Ever done a Talong na Pinirito or Fried Eggplant that is not soaked in oil?
This technique will teach you that you can enjoy a Piniritong Talong that's not very oily.
The kind of cooking here is more of pan-frying rather than deep-frying.
If you will notice, eggplants are like sponges - they tend to soak up a lot of oil when deep-fried, so I just use a little oil and brush them on the eggplant.
Pan-fried eggplants are usually served to complement a main dish.
Perfect with Binagoongang Baboy or any fried or broiled fish.
I often hear that of all vegetables, eggplants are the least nutritious, and all they give you is fiber -- an absolute misconception!
According to The World's Healthiest Food website , aside from dietary fibers, vitamins and minerals, they are brain food and rich in antioxidant compound. They're also good for cardiovascular health and for free radical protection.
Wow, not bad for this most maligned veggie...
Around here in NJ, the kind we Filipinos cook back home is called Japanese Eggplant.
It's distinguishable from the Italian kind wherein the latter is bigger, much fatter, and needs longer cooking time.
YOUR SHOPPING LIST:
IN THE PANTRY:
1 Brush the eggplant with oil, then season with salt and pepper sparingly.

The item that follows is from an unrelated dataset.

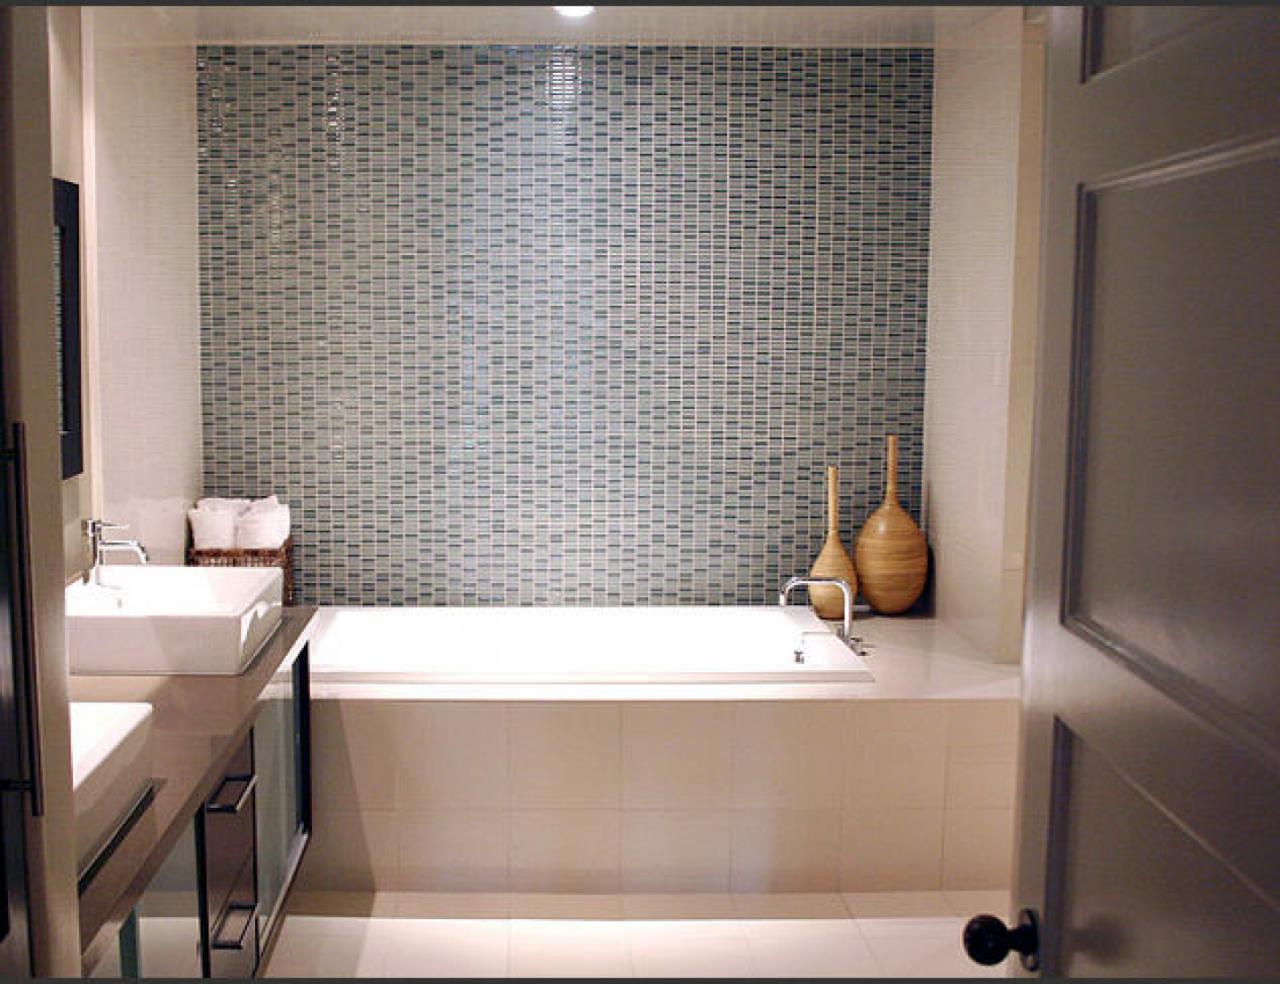 Small space modern bathroom tile design ideas
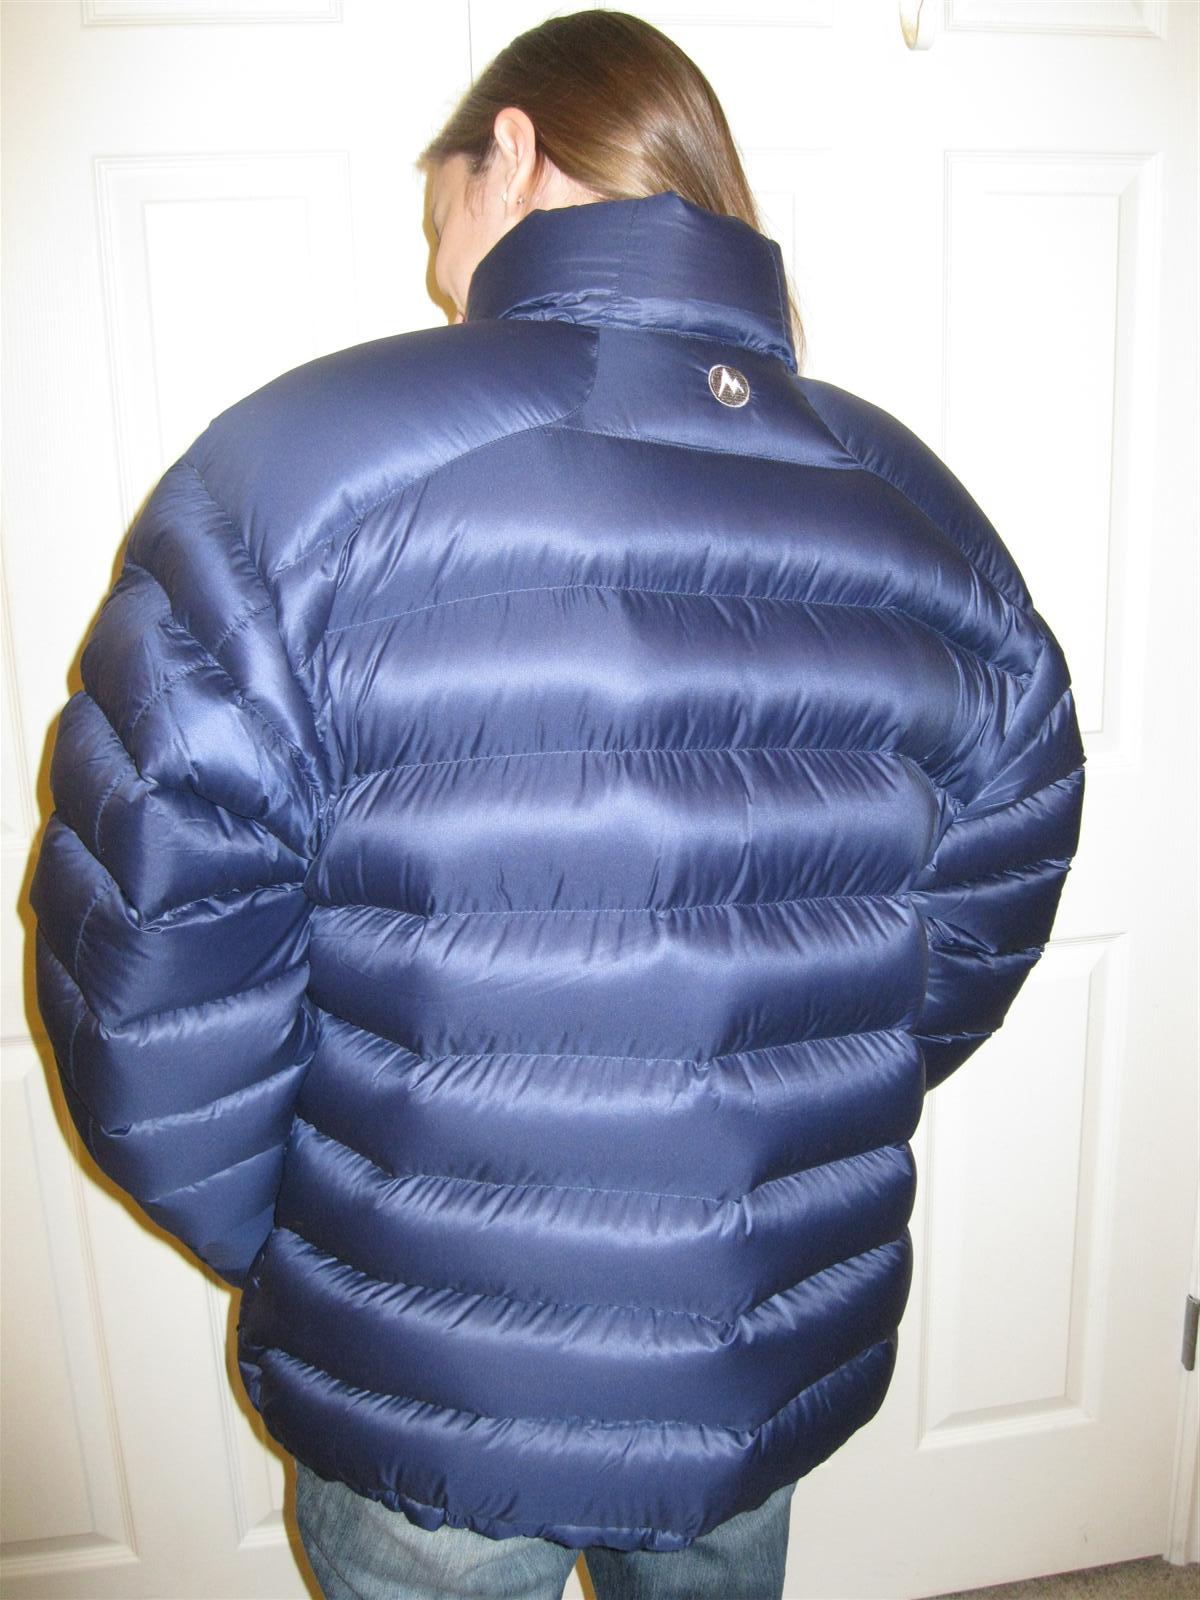 Marmot Zeus Overstuffed Jackets ba778d635

2 Heat up the pan on medium(use a Teflon pan if available), put the remaining tablespoon oil on the pan to coat it.
3 Put the eggplants in, cut side down first and leave it for 3-4 minutes or until golden brown.
4 Flip to cook other side. If it's soft and no resistance to the touch, it should be ready.
5 Serve as it is or with a lemon/soy sauce dip.